The structure of the three files is given below.

Note

When a column fails to converge, output for that column is not written. This means that the variables that depend on (nx, ny) will have some values missing. HDF5 marks these values as missing data and uses a fill value (of 9.9692e+36). When the 15D_DEPTH_ZCUT option is used, not all heights will be used in the calculation. The code does not read the skipped parts of the atmosphere. When writing such variables of nz, only the points that were used are written to the file, and the rest will be marked as missing data (typically the z cut height varies with the column).

5.1.1. output_aux.hdf5

This file contains the level populations and radiative rates. For each active atom or molecule, it contains different groups called atom_XX or molecule_XX, where XX is the identifier for the species (e.g. MG, CO).

The dimensions of the root group are nx, ny, and nz.

Note

The atmosphere dimensions on many of the output files are not necessarily the same as in the atmosphere file. They depend on the number of columns calculated, which are a function of X/Y_START/END/STEP.

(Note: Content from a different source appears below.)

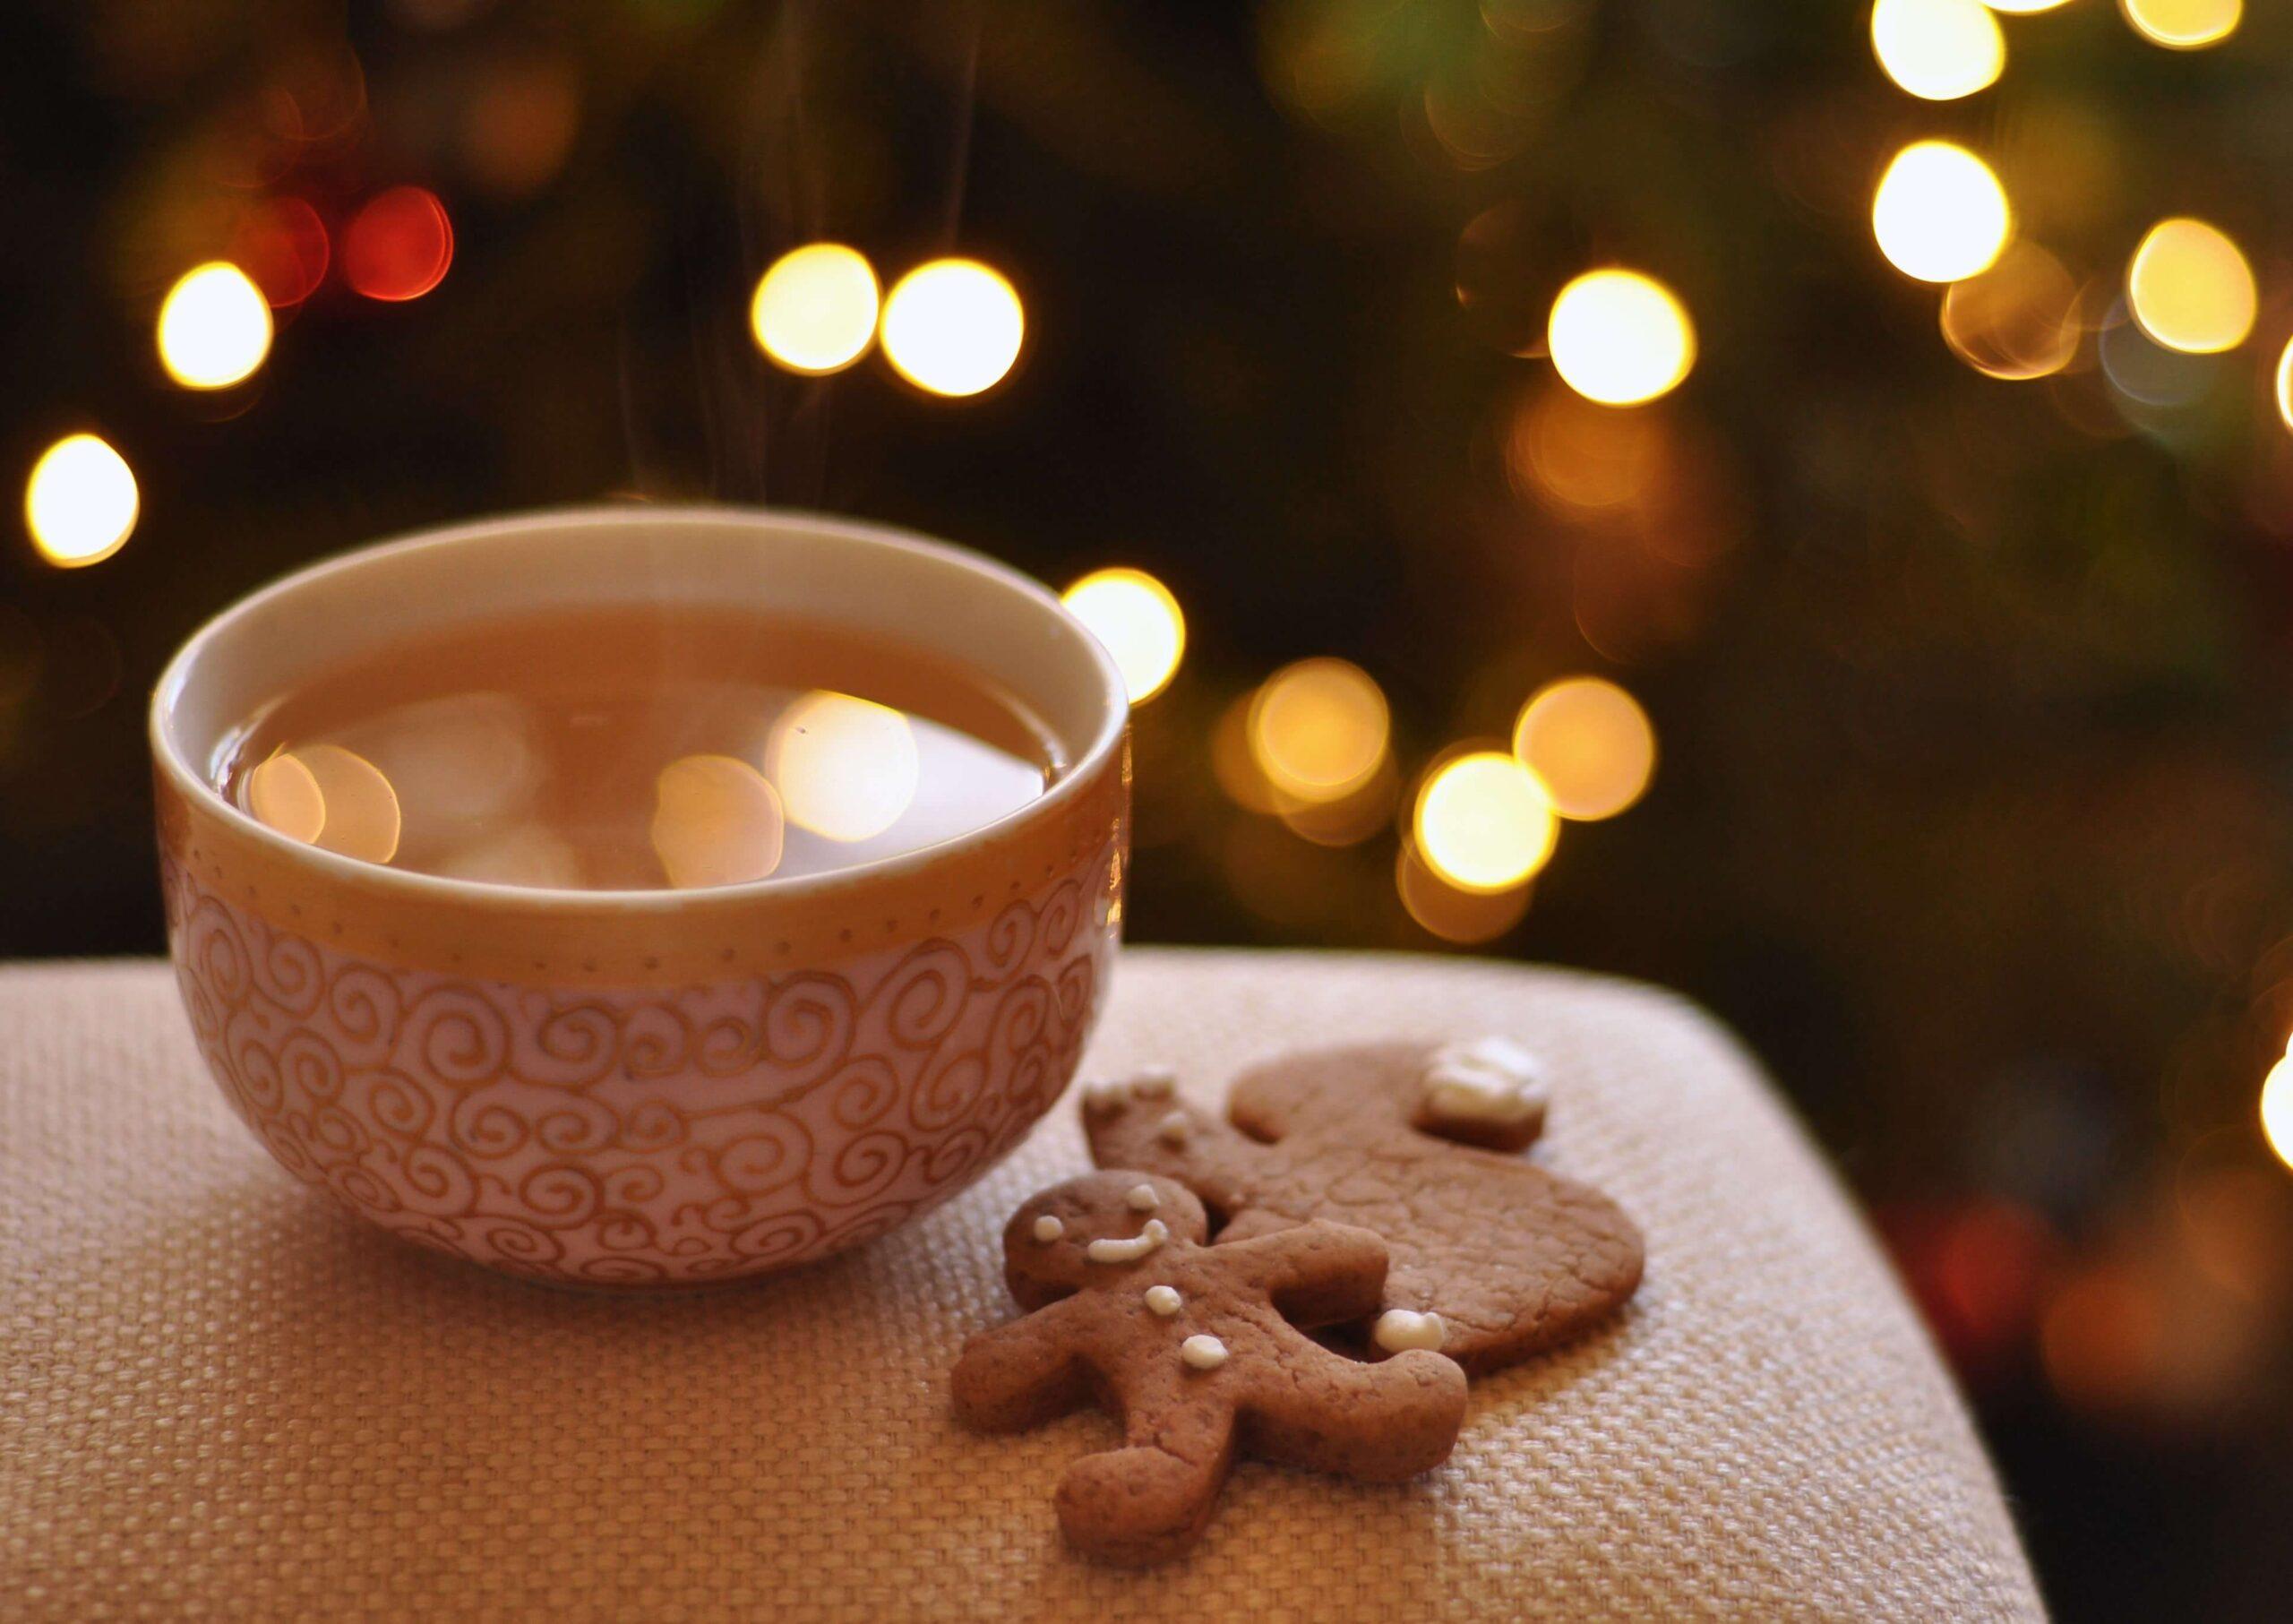 pierniczki świąteczne - zdrowe podejście do świąt

There are two global attributes:

atmosID Identifier for the atmosphere file.
rev_id Revision identifier.

Inside each of the atom/molecule groups, the following dimensions can exist:

Name Description
nlevel Number of atomic levels.
nline Number of atomic transitions
ncontinuum Number of bound-free transitions.
nlevel_vibr Number of molecule vibration levels.
nline_molecule Number of molecular lines.
nJ Number of rotational states.

The atom groups contain the following variables:

The molecule groups contain the following variables:

All units are SI.

Note

In older versions it was possible to specify the keyword 15D_WRITE_EXTRA and get additional output written to output_aux.hdf5 (e.g. a new opacity group and more rates). While the procedures are still in writeAux_p.c, the functionality is deprecated because other changes in the code were not compatible with this way of writing the output. It is possible that this functionality will return at a later version.

5.1.2. output_indata.hdf5

This file contains data and metadata related to the run. It contains three groups: input (mostly settings from keyword.input), atmos (atmospheric variables), and mpi (several variables relating to the run).

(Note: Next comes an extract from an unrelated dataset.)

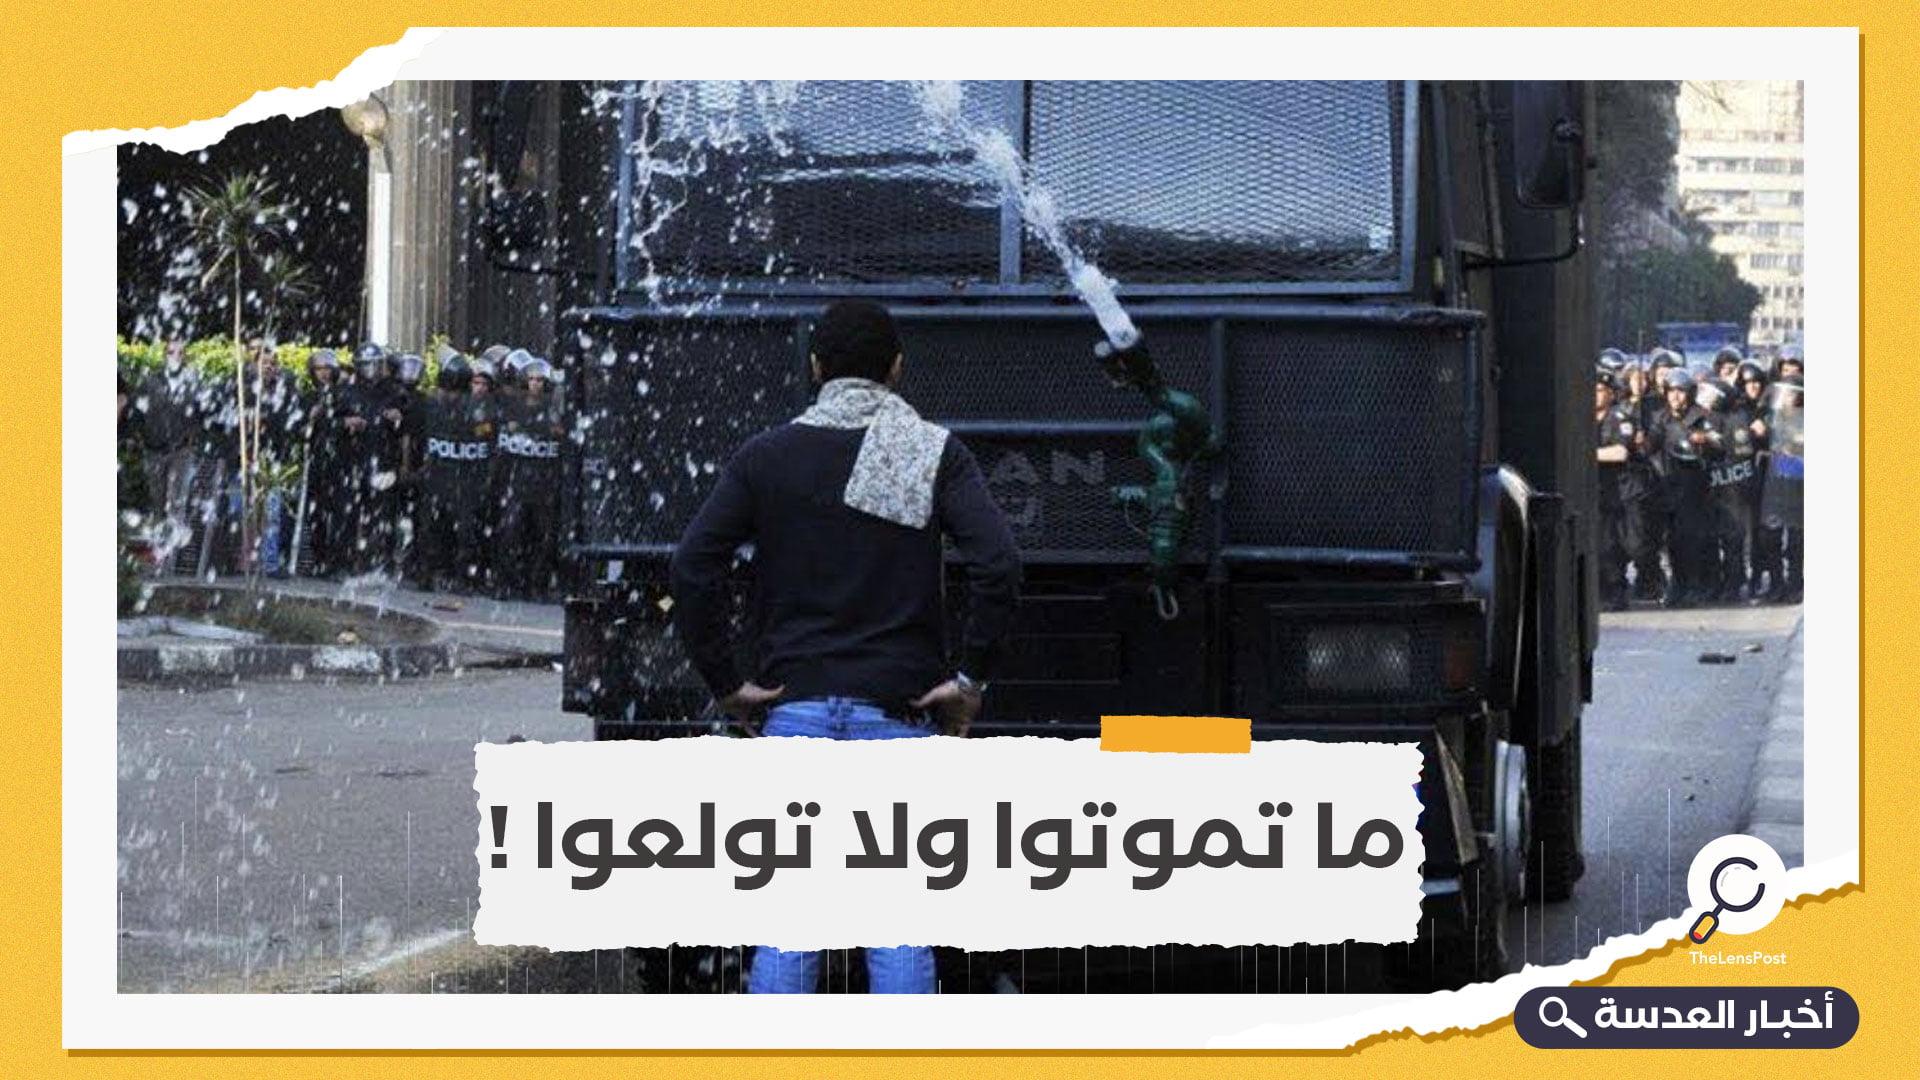 """ما تموتوا ولا تولعوا"""".. تقرير جديد لمنظمة العفو الدولية في الذكرى العاشرة لثورة يناير"""""""

The dimensions of the root group are nx, ny, nz, and strlen (used as maximum length for string type variables).

There are two global attributes:

atmosID Identifier for the atmosphere file.
rev_id Revision identifier.

The input group contains only attributes, all options from keyword.input.

The atmos groups contains the dimensions nhydr, elements and nrays. It also contains the following variables:

Name Dimensions Units Description
temperature (nx, ny, nz) K Temperatures
velocity_z (nx, ny, nz) m s-1 Vertical velocities
height (nx, ny, nz) m Height scale used. Can be different for every column when depth refine is used.
element_weight (nelements) a.m.u. Atomic weights
element_abundance (nelements)   Log of element abundances relative to hydrogen (A(H) = 12).
element_id (nelements, strlen)   Element identifiers.
muz (nrays)   mu values for each ray.
muz (nrays)   mu weights for each ray.
x (nx) m Spatial coordinates along x axis.
y (ny) m Spatial coordinates along y axis.

Note

When 15D_DEPTH_REFINE is used, each column will have a different (optimised) height scale, but they all have the same number of depth points (nz). In these cases, it is very important to save the height variable because otherwise one does not know how to relate the height relations of quantities from different columns.

The atmos group also contains the following attributes:

moving Unsigned int, 1 if velocity fields present.
stokes Unsigned int, 1 if stokes output present.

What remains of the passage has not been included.